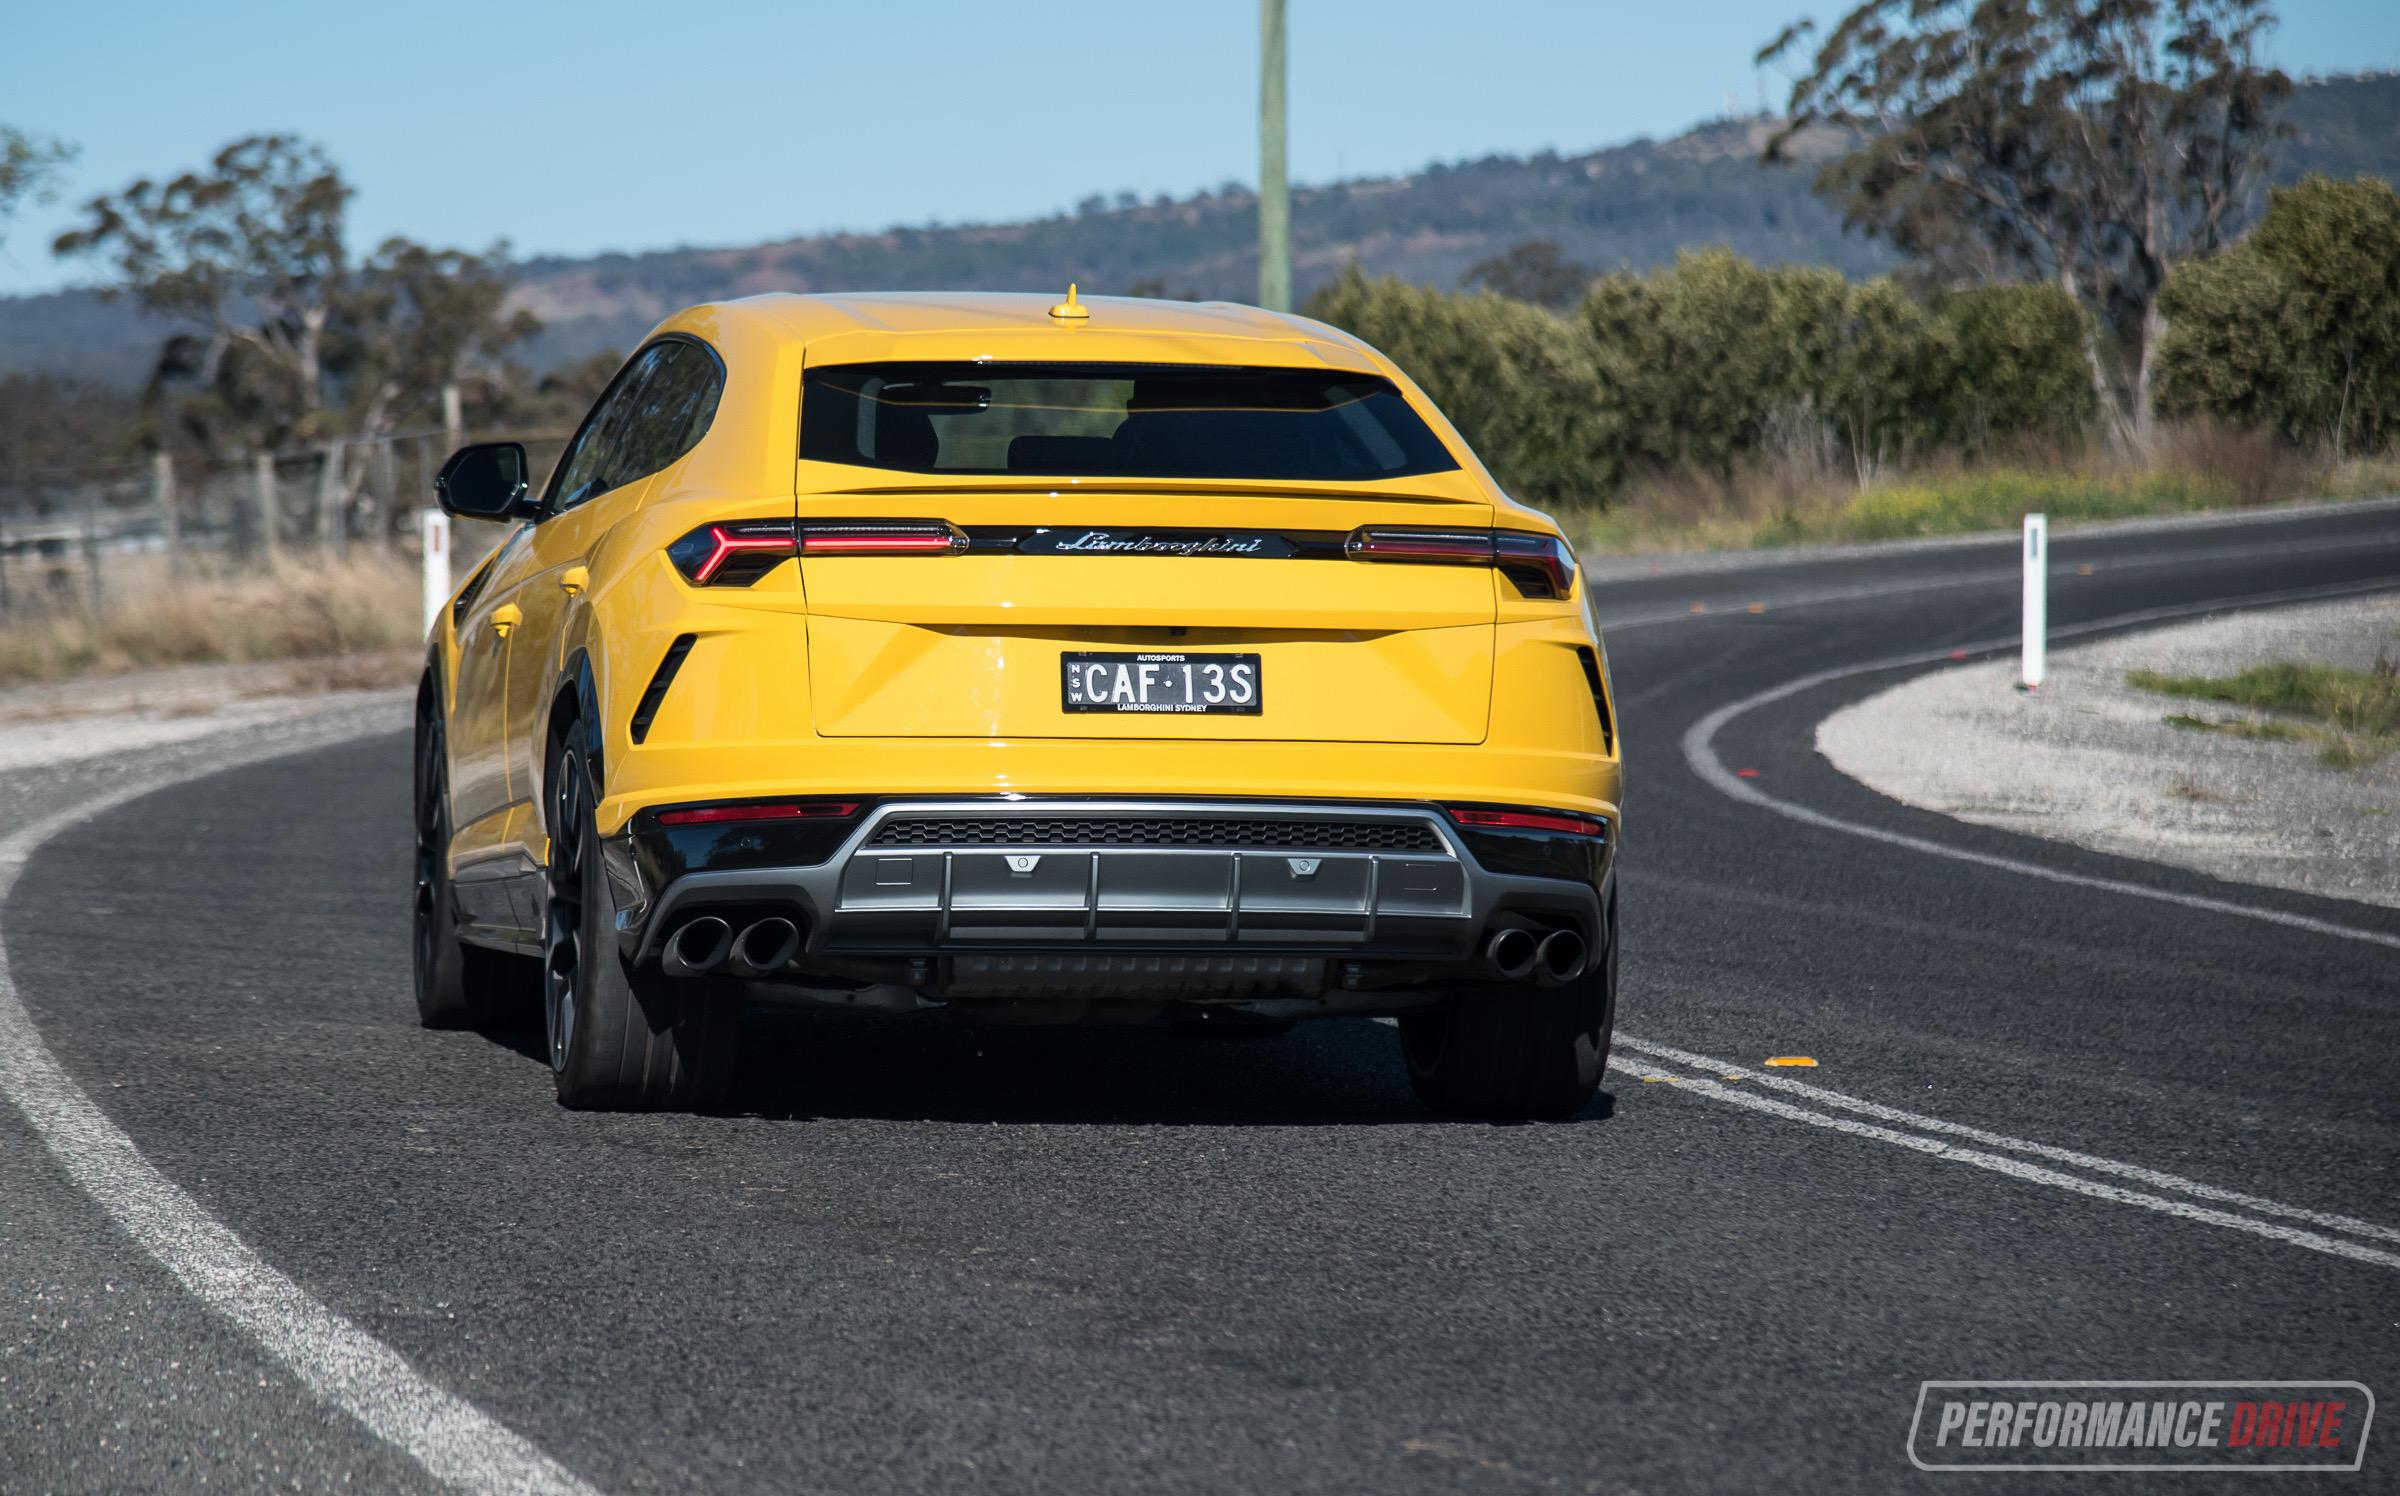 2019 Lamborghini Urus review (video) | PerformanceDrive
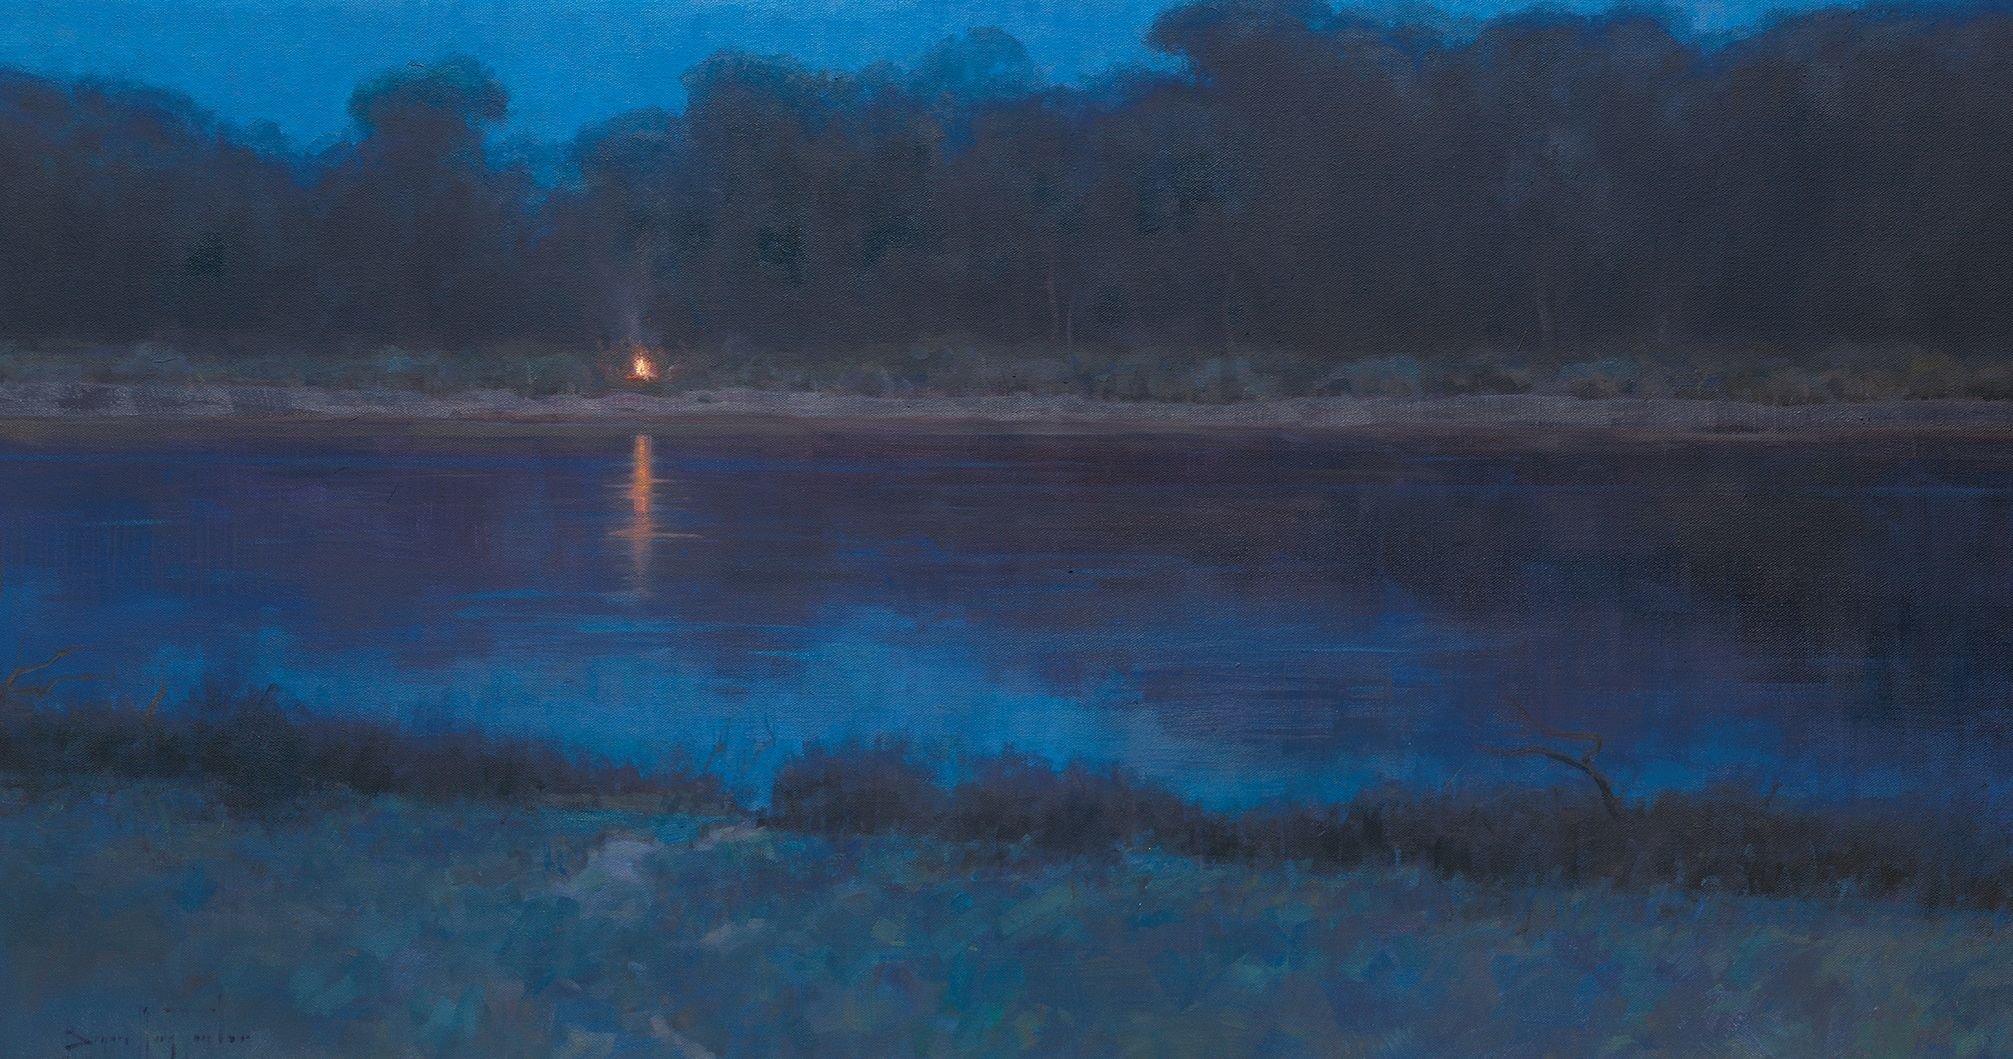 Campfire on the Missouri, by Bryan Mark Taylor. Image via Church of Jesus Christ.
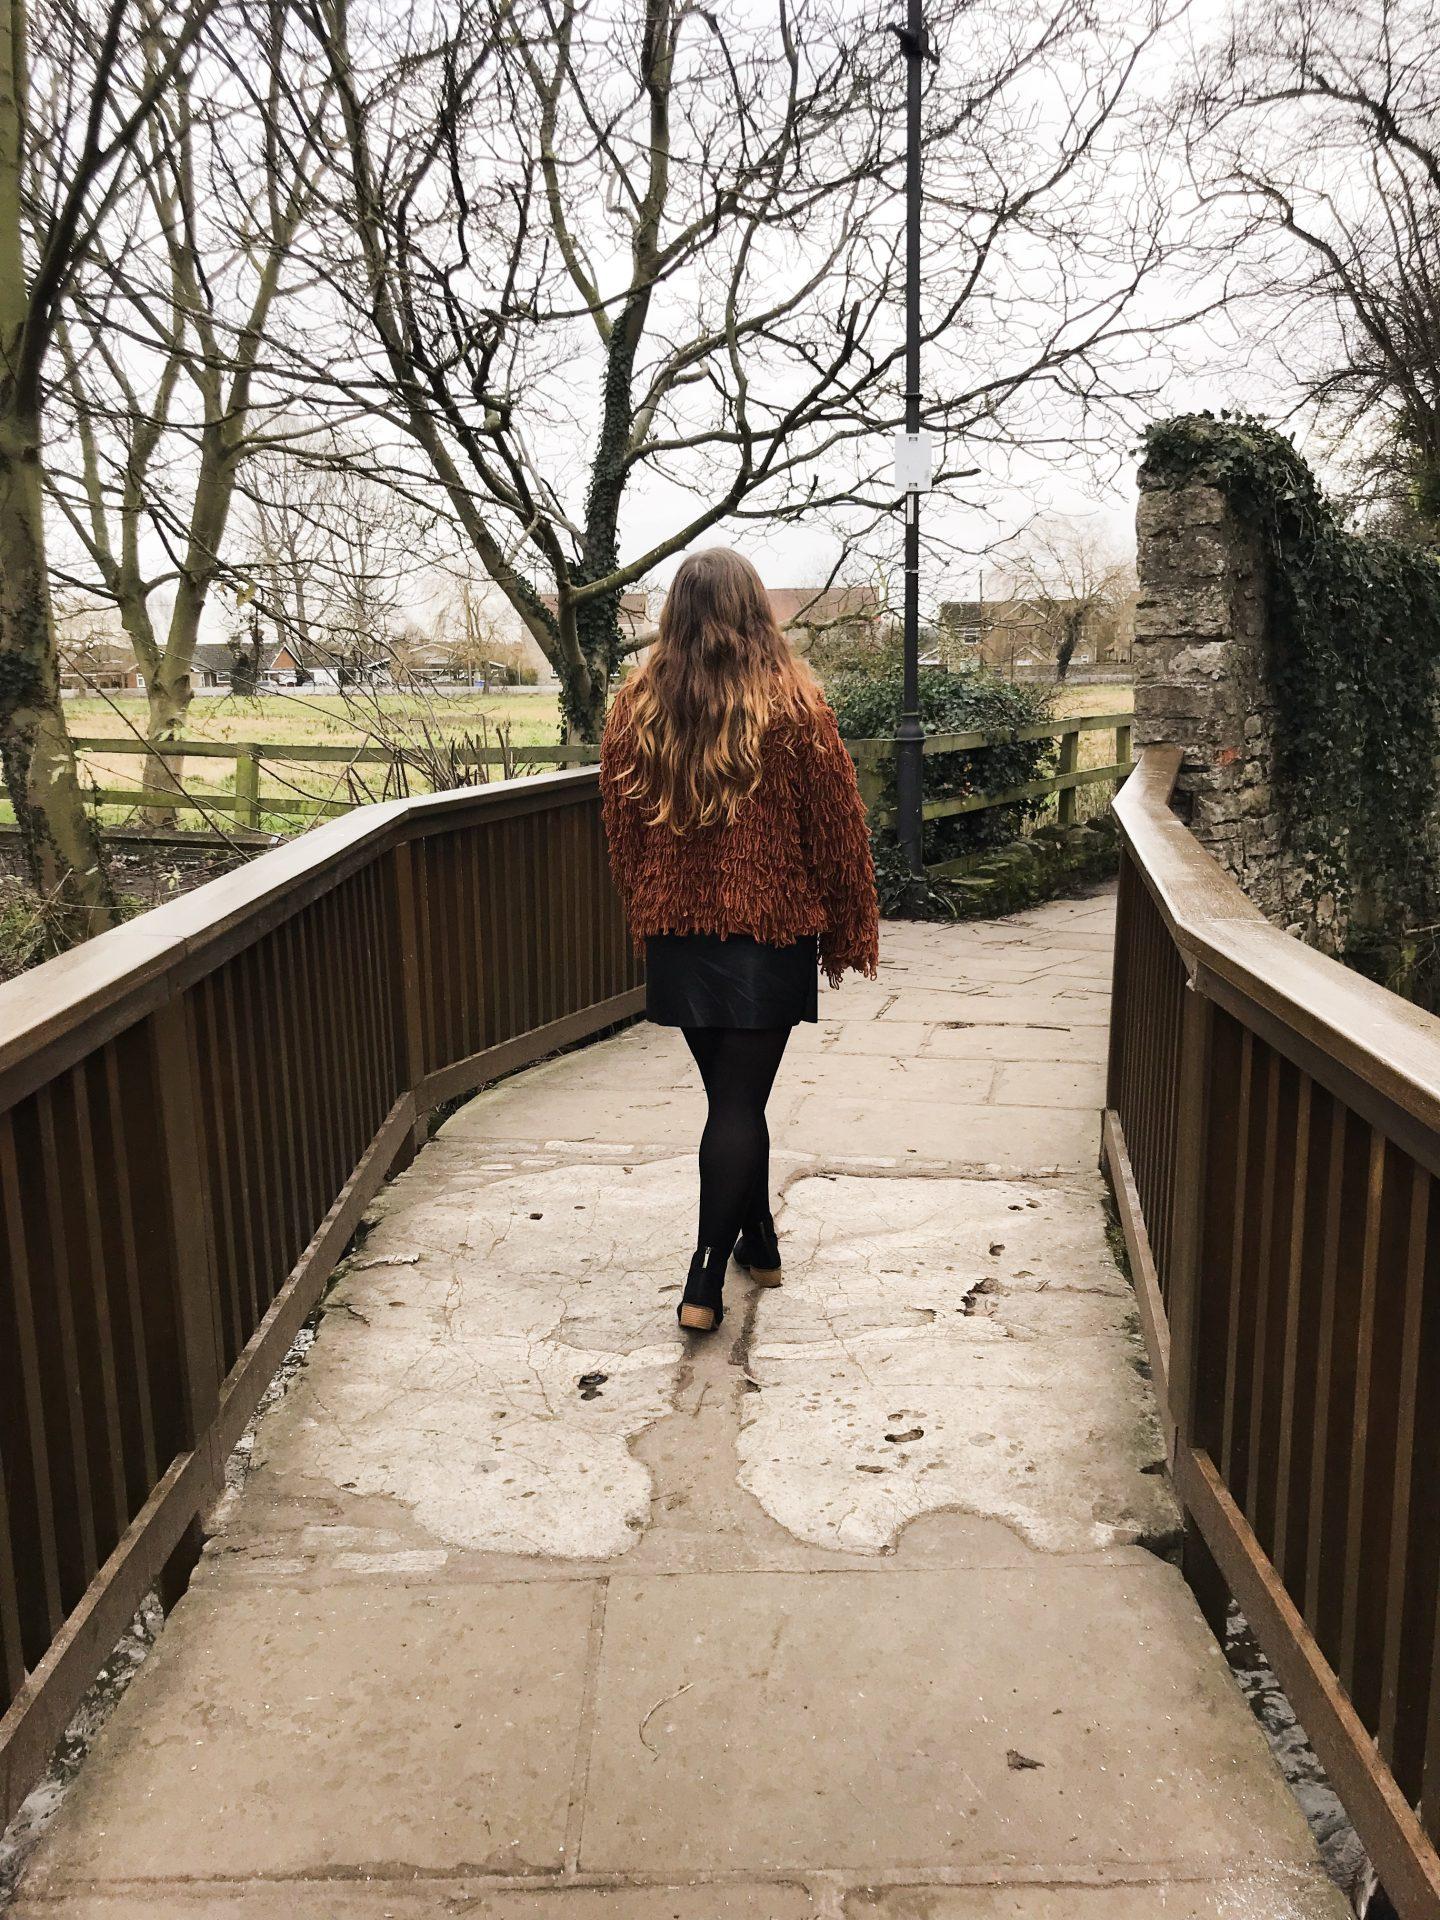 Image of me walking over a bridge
===============
### Your task:
The answer must consist solely of the lines from the line containing "Campfire on the" to the end of the data, reproduced exactly, with every picture left out.

### The answer:
 Campfire on the Missouri, by Bryan Mark Taylor. Image via Church of Jesus Christ.
 Image of me walking over a bridge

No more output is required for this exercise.